We are often asked how to apply version management to databases. Developers are often at a loss when it comes to this problem for reasons that are technological and cultural. Also databases present a variety of problems related to version management, and one is often tempted to solve the more visible problems while overlooking simpler problems whose solution can provide much benefit. We'll discuss this in more detail below, but the next couple of paragraphs introduce the ideas.

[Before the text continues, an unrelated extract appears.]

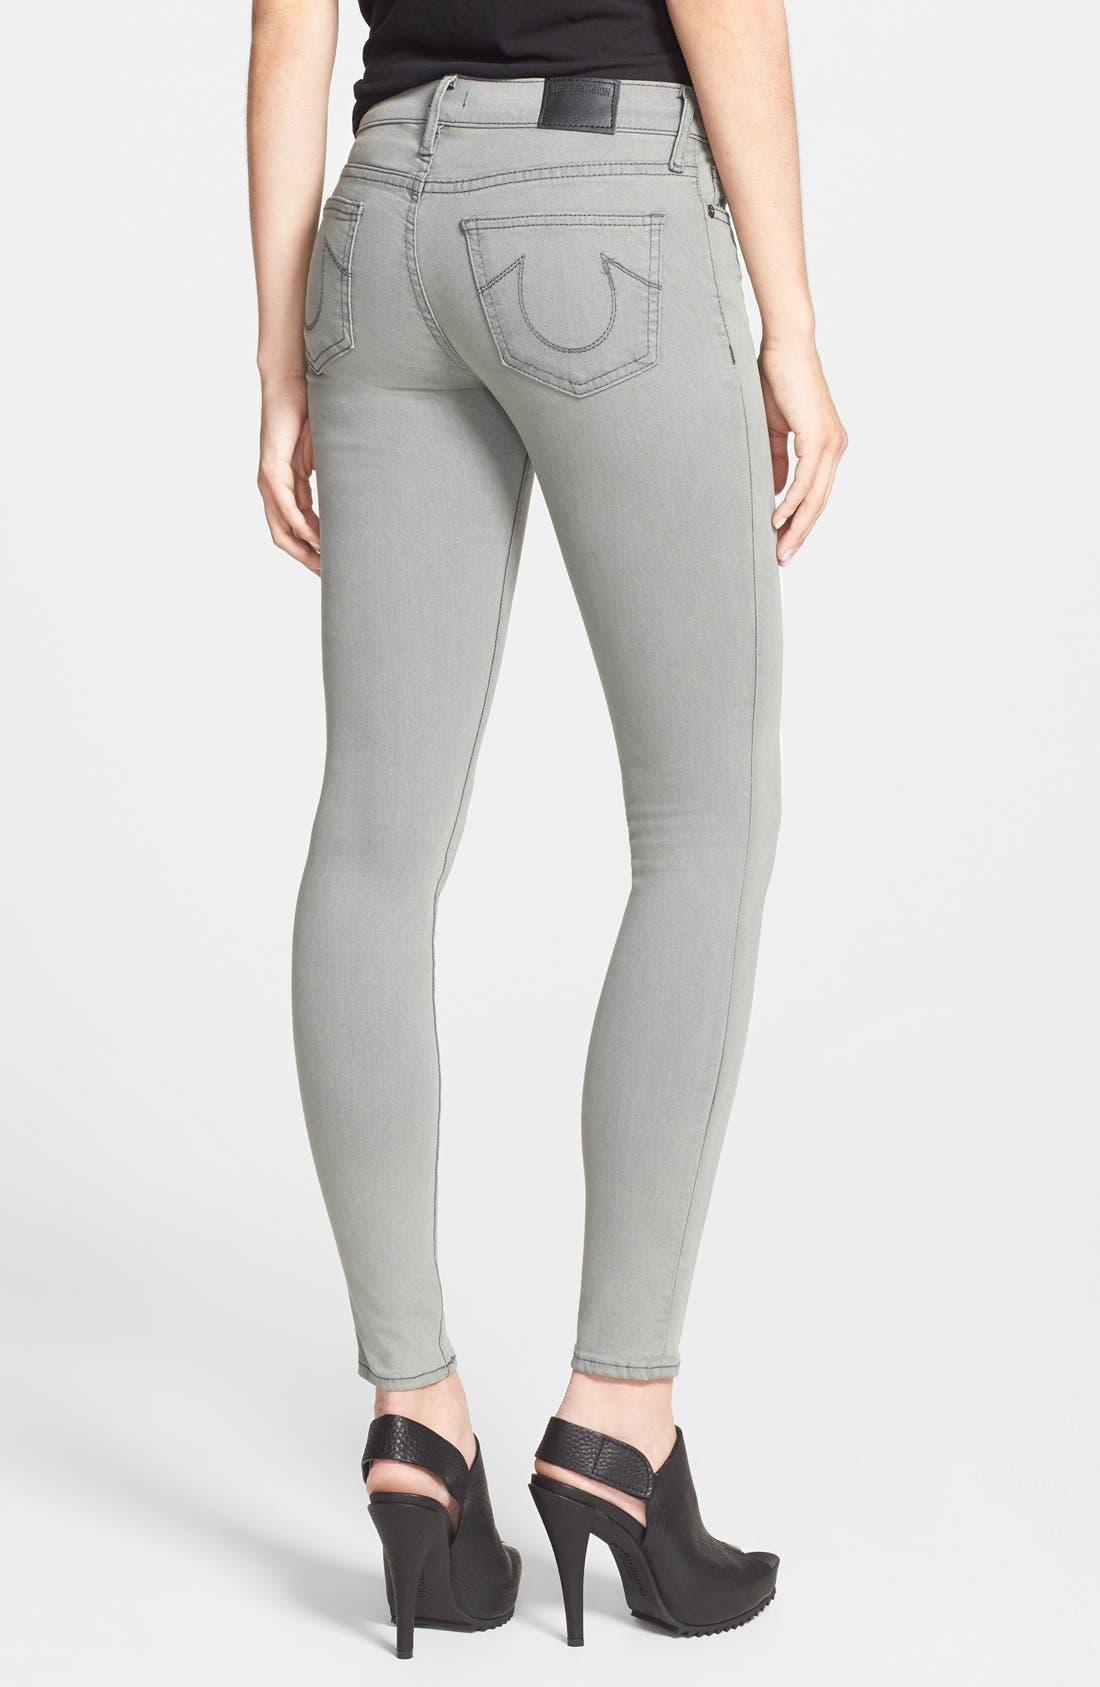 Alternate Image 2  - True Religion Brand Jeans 'Halle' Skinny Jeans (Protester's Song)

Many of the technological issues are somewhat obvious. Source code is often managed at the module or file level; database changes are thought about at the logical entity level. There is a vast assortment of tools that can help us to detect changes and versions for text files; these tools don't seem to provide much benefit in the database realm. While there are tools that claim to help you manage versions of databases, it seems that they don't solve the problem for many due to cost, function, or ease of use, leaving many teams with no solution. It is important to avoid the temptation to ignore the problem because you don't have "the right tool." Your team will still waste time (and hence, money) working around the issues caused by the lack of any database version management process. You may be able to address your more critical problems by using approaches similar to what you are using to version manage source code.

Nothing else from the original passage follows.